Laurent Clévenot a rappelé que si l’on décide d’investir aujourd’hui dans la politique de la petite enfance, les effets ne se traduiraient pas à l’heure du PLFSS pour 2016 mais plutôt à celle du PLFSS pour 2017. En effet pour voir se créer une place de crèche, cela nécessite du temps et l’on sait que la décision pour le faire est complexe avec plusieurs décideurs publics.
Si l’on prend le cas de l’agrément des assistantes maternelles, il est donné par les conseils départementaux après avis des PMI. Selon les départements, on constate une grande hétérogénéité dans les pratiques des PMI.
Si des mesures négatives sont prises à l’encontre de créations de places de la petite enfance, l’effet est immédiat et l’on constate un gel dans les créations. Pour autant, si une mesure positive est prise, la dynamique est relancée mais cela prend du temps pour voir la concrétisation de l’ouverture de nouvelles places. Un travail récent du Haut conseil de la famille fait le point sur l’accueil des jeunes enfants.
En 2014, le taux d’atteinte de l’objectif annuel est de seulement de 7% (contre 31% en 2013).
Ce faible taux est tiré par la baisse des solutions d’accueil individuel, surtout des assistantes maternelles. On se situe donc loin de la trajectoire des 55 000 solutions d’accueil supplémentaires par an. Sur les deux premières années de la COG (2013 et 2014) seulement 19% des objectifs de créations de solutions d’accueil ont été atteints.
La négociation de la COG permet de dégager des moyens pour les services aux familles mais ceux-ci sont développés et mis en œuvre dans une politique partenariale.
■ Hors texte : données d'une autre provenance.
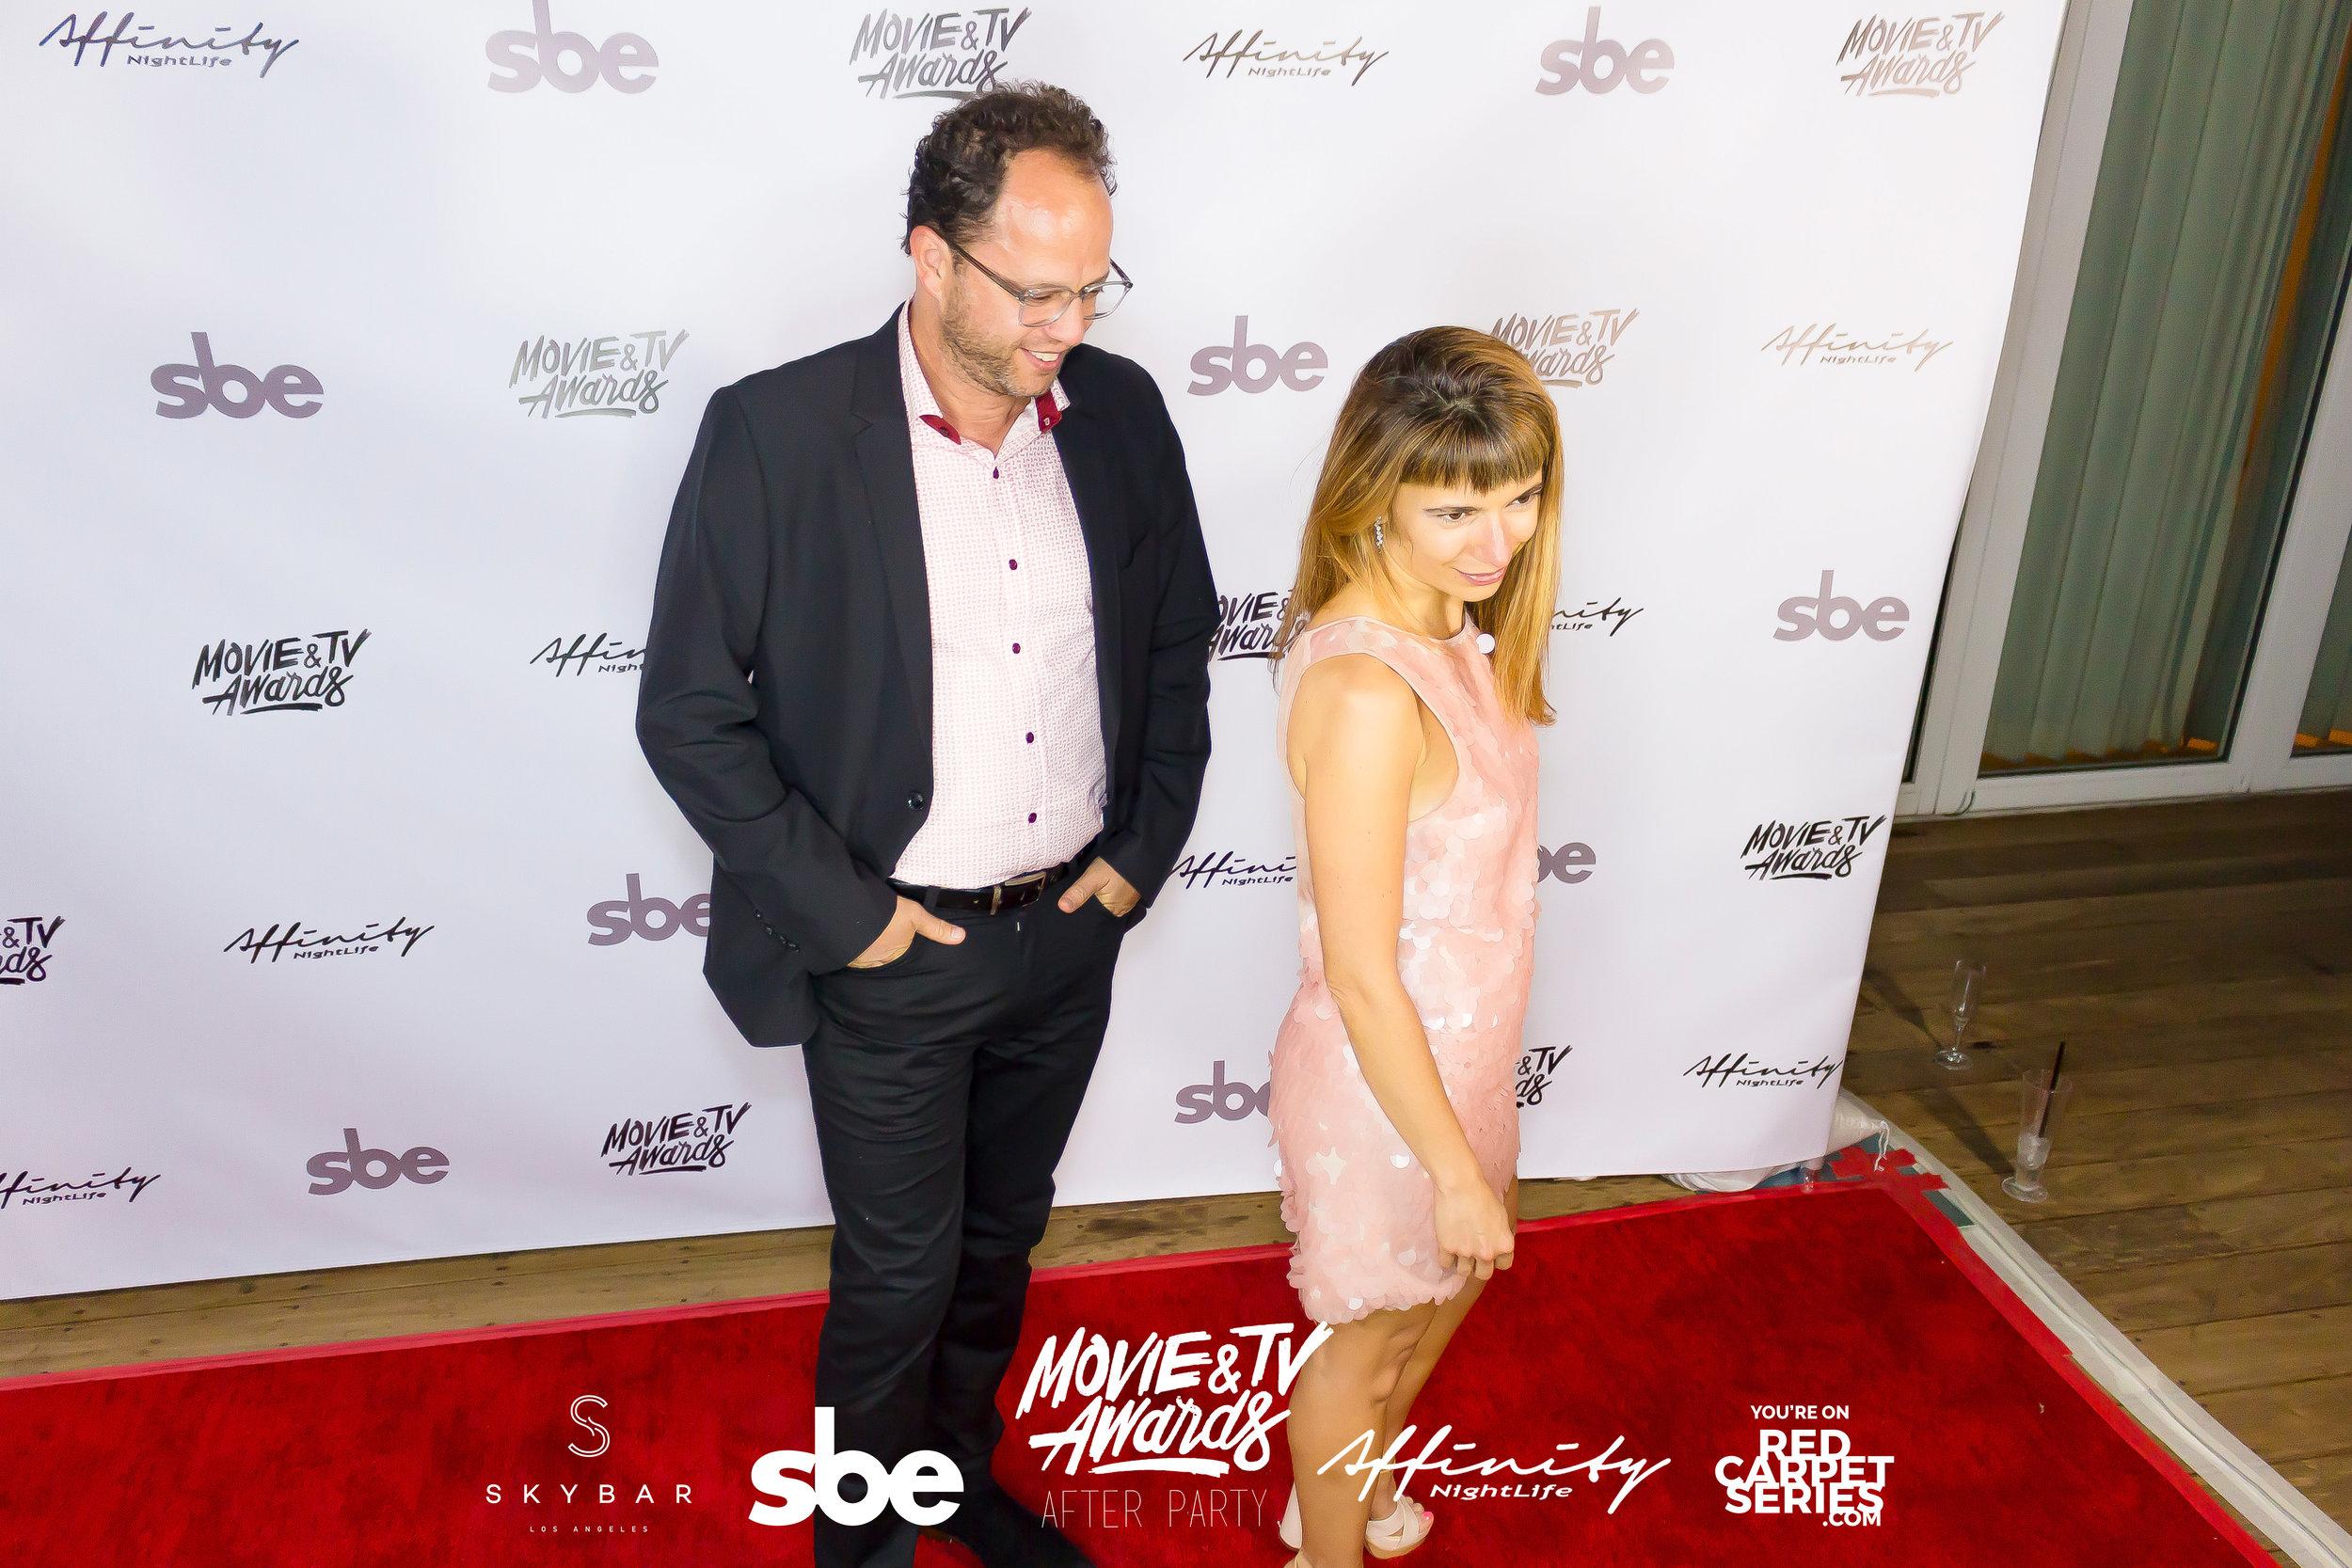 Affinity Nightlife MTV Movie & TV Awards After Party - Skybar at Mondrian - 06-15-19 - Vol. 2_78.jpg

Il serait nécessaire que la politique de la branche famille soit revue pour changer les mécanismes à l’œuvre car pour les collectivités locales les contraintes ne sont pas tant les dépenses d’investissement que les dépenses de fonctionnement. Une part plus importante sur le 2e volet à la commune ou la structure d’accueil serait de nature à débloquer les créations.
Avec le rebasage du FNAS, c’est 1,4 milliards d’euros, qui vont manquer à la politique de la petite enfance et notamment pour le développement des places d’accueil individuel auprès d’assistantes maternelles. Il convient d’avoir une politique de gestion prévisionnelle de ces professionnelles totalement absente aujourd’hui. Il convient aussi de tenir compte des spécificités de cette profession. Bon nombre vont partir à la retraite et leur remplacement n’est pas du tout anticipé.
Une conséquence de l’obligation de partage du congé parental sera de constater que les solutions d’accueil ne seront toujours pas suffisantes pour faire face à cet accroissement de besoins de la part des familles.
Aujourd’hui face aux difficultés financières, les familles comptent leurs heures pour faire garder leurs enfants. Parfois, pour ne pas avoir à supporter un reste-à-charge trop important, ces familles ont recours au système D avec du travail non déclaré.
La sous-consommation du FNAS sur la petite enfance ne signifie en aucun cas la baisse des besoins des familles.

En conclusion, Laurent Clévenot a précisé que, cette année encore, une sous-consommation du FNAS de 250 millions d’euros en 2014 est à constater essentiellement en raison des dépenses liées aux rythmes scolaires. L’UNAF souhaiterait qu’avec ces crédits soit relancé un travail sur la politique jeunesse du FNAS. La politique en faveur des enfants de 6 à 18 ans est le parent pauvre de la COG. Le sujet n’a pas été travaillé depuis longtemps : il y a une opportunité à saisir pour reposer les conditions de l’ASLH.